$[n \sqrt{2}] = [m (2+\sqrt{2})]$ for $m,n$ natural.

Question

Does $[n \sqrt{2}] = [m (2+\sqrt{2})]$ for $m,n$ natural have no solution where $[x]$ is the floor function of $x$? I tried calculating some examples ($1,000,000$ examples on Python) and it seems as though the left and right hand side never equal the same number- no matter the choice of $m$ and $n$. This is from a Calculus $1$ worksheet.

Answer 1

Here's a partial answer (let me know if partial answers are unwelcome on math.SE). The equation has no solutions in natural numbers $\mathbb{N}$. Suppose for contradiction that there exists $m,n\in\mathbb{N}$ with $[n\sqrt{2}]=[m(2+\sqrt{2})]$. Then there are three cases:

Case 1: $m=n$. Impossible because then $$[n\sqrt{2}]=[m(2+\sqrt{2})]=[n(2+\sqrt{2})]=[n\sqrt{2}]+2n$$ which implies that $2n=0$ and $n=0\notin\mathbb{N}$.

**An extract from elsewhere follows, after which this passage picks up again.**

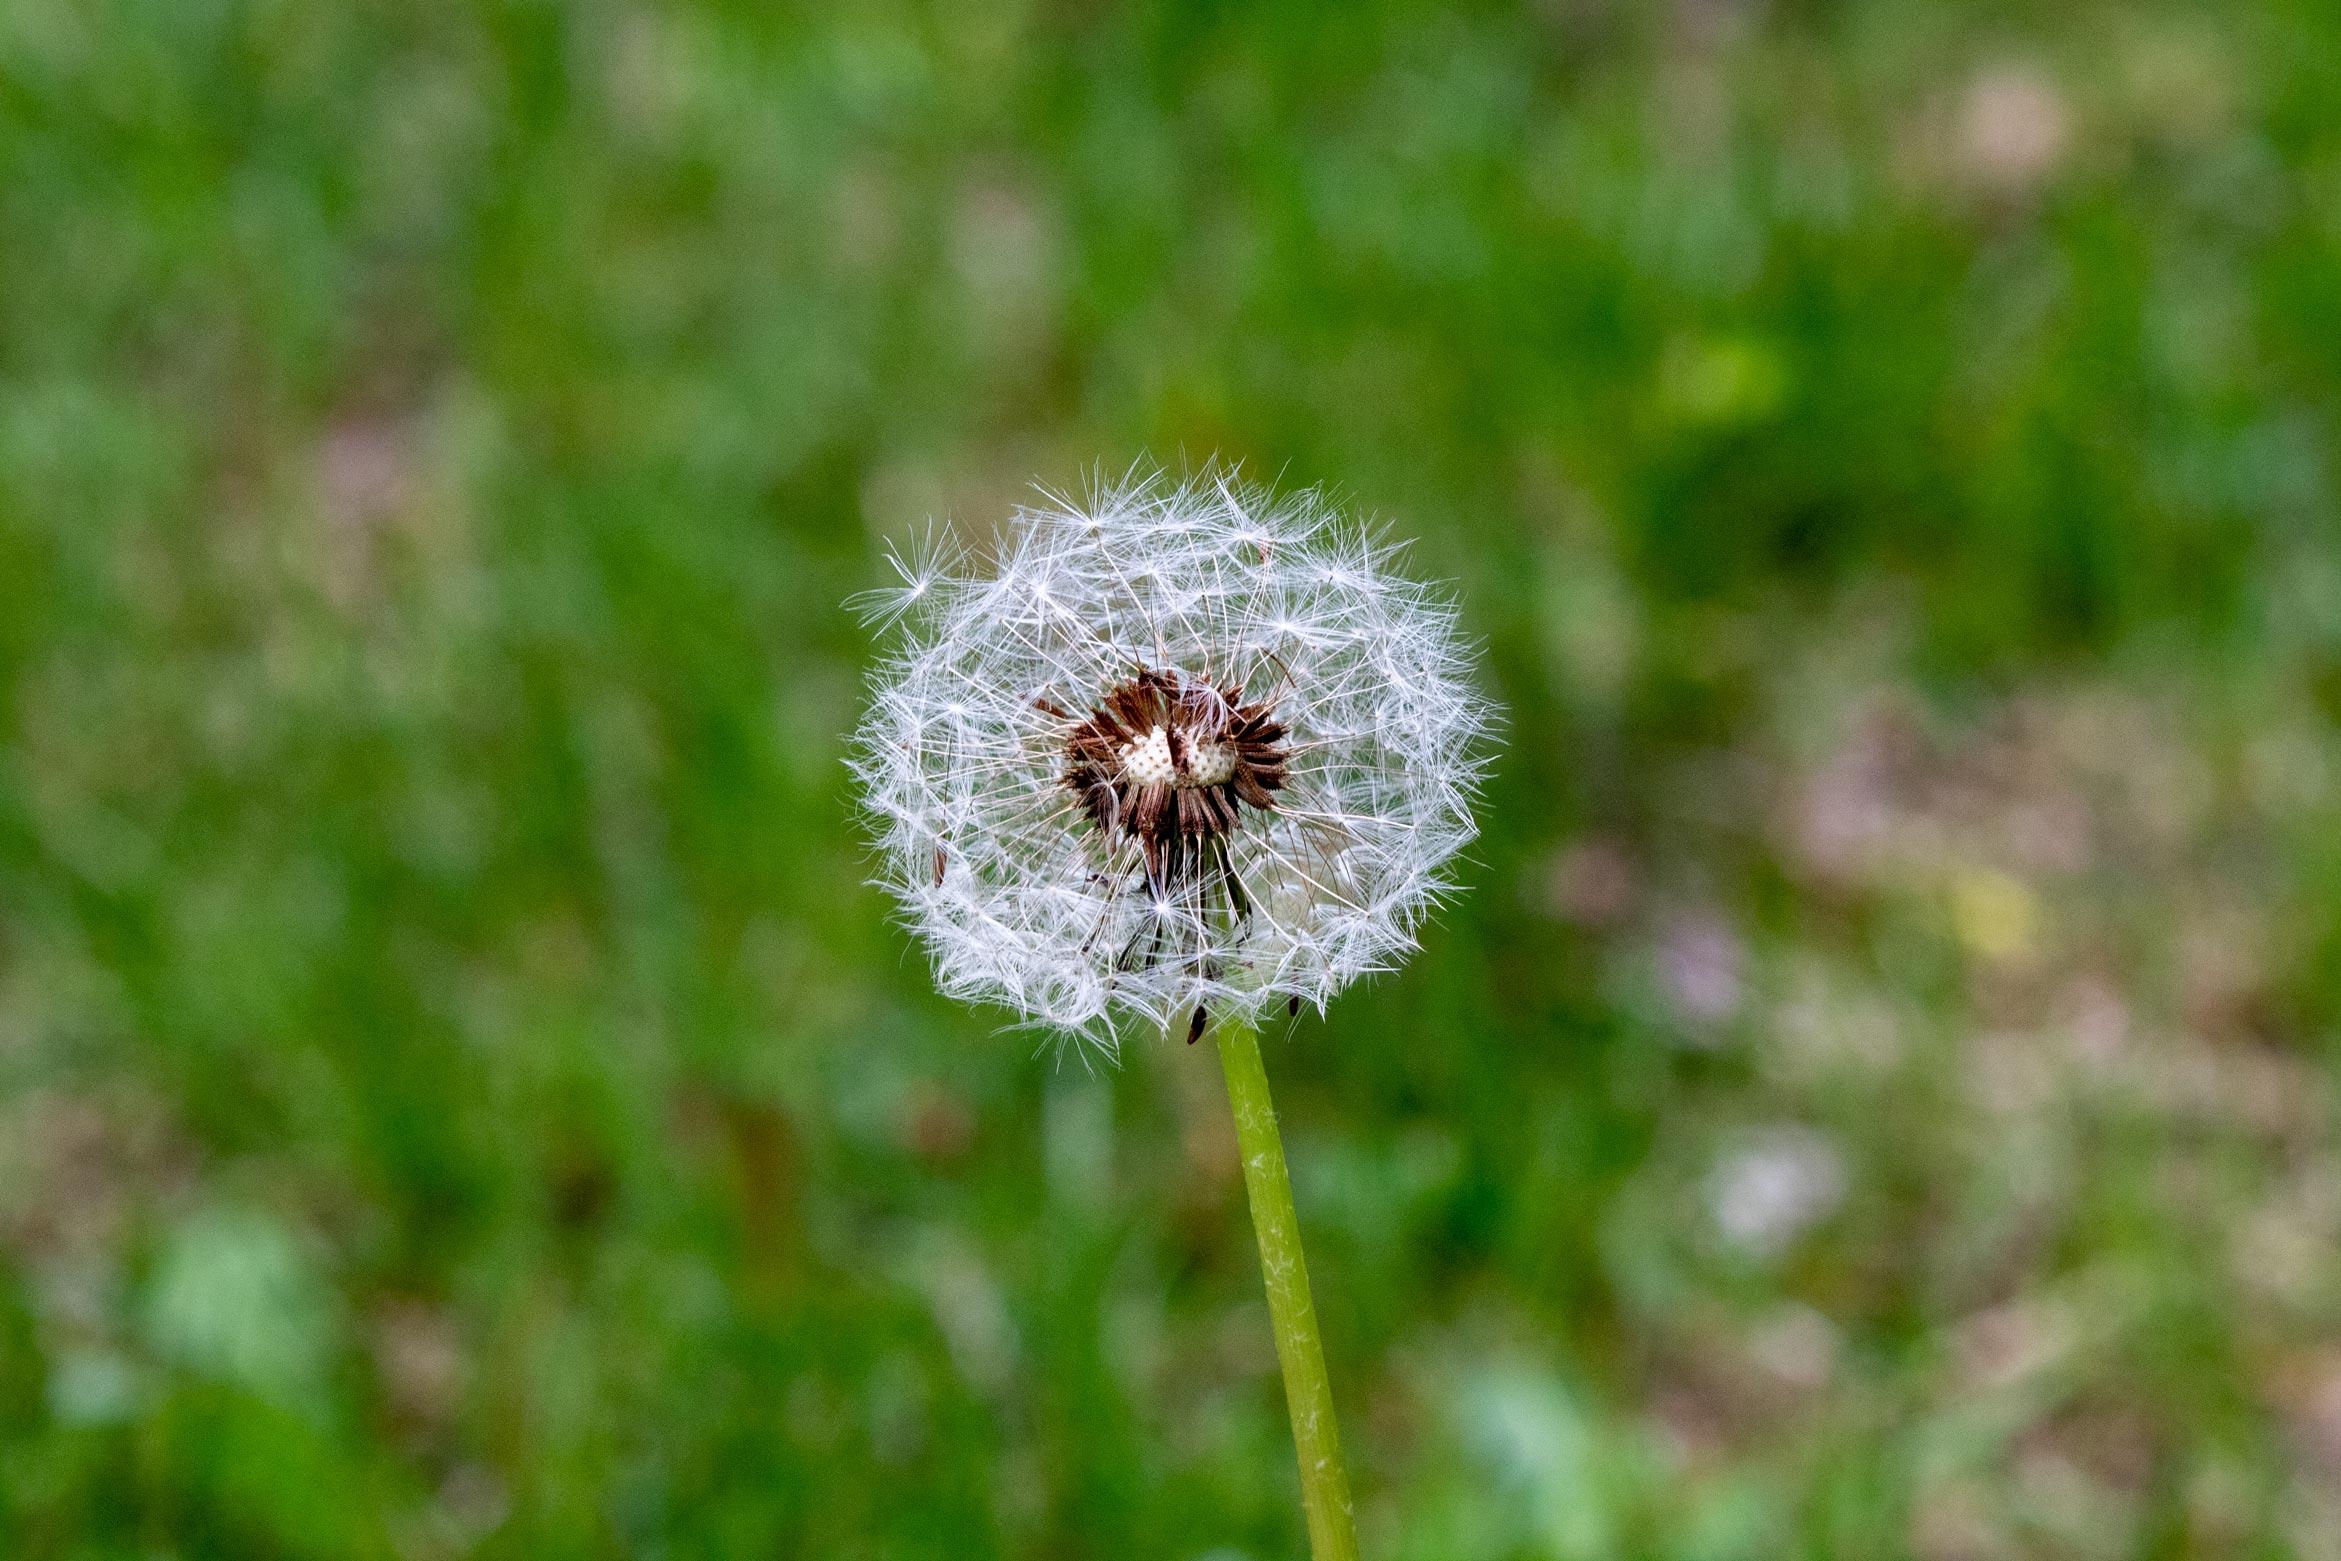 Dandelion covered in white fluff

Case 2: $m>n$. Then if we write $m=n+l$ for some $l\in\mathbb{N}$, $$\begin{align*}[n\sqrt{2}]&=[(n+l)(2+\sqrt{2})] \\ & = [(n+l)\sqrt{2}]+2(n+l) \\ & >[n\sqrt{2}] \end{align*}$$ which is a contradiction.

Case 3: $m<n$. Then if $m=n-l$ for some $l\in\mathbb{N}$, we have $$\begin{align*}[n\sqrt{2}]&=[(n-l)(2+\sqrt{2})] \\ & = [(n-l)\sqrt{2}]+2(n-l). \end{align*}$$ But this won't get us anywhere (unless if someone can continue from here and prove me wrong).

And of course the result follows easily from the link Qiaochu provided: https://en.m.wikipedia.org/wiki/Beatty_sequence. In layman's terms, it states that $$[nr]\neq [m\frac{r}{r-1}]$$ for all positive integers $n,m$ and positive irrationals $r$. In particular, if $r=\sqrt{2}$, then $\frac{r}{r-1}=\frac{\sqrt{2}}{\sqrt{2}-1}=2+\sqrt{2}$, so $$[n\sqrt{2}]\neq [m(2+\sqrt{2})]$$ for all $n,m$ positive integers.

Answer 2

The less detailed treatment, but more intuitve, is that the two real numbers are extremely close only when their ratio is a continued fraction convergent for $1+ \sqrt 2.$ The numerators and denominators are consecutive elements in the sequence $$ 1, 2, 5, 12, 29, 70, 169, 408, $$

https://oeis.org/A000129

https://en.wikipedia.org/wiki/Pell_number#Pell_numbers

while the relevant pair of real numbers, rounded to the nearest integer, are in the sequence $$ 1, 3, 7, 17, 41, 99, 239, 577, 1393, $$

https://oeis.org/A001333

These are one half the Pell-Lucas numbers,

https://en.wikipedia.org/wiki/Pell_number#Pell%E2%80%93Lucas_numbers

Both integer sequences obey the linear recursion $$ w_{n+2} = 2 w_{n+1} + w_n $$

The characteristic roots are $1+ \sqrt 2$ and $1- \sqrt 2.$ Both sequences can be written in the form $$ A (1 + \sqrt 2)^n + B (1- \sqrt 2)^n $$ The exact coefficients should be given in the OEIS entries for each sequence.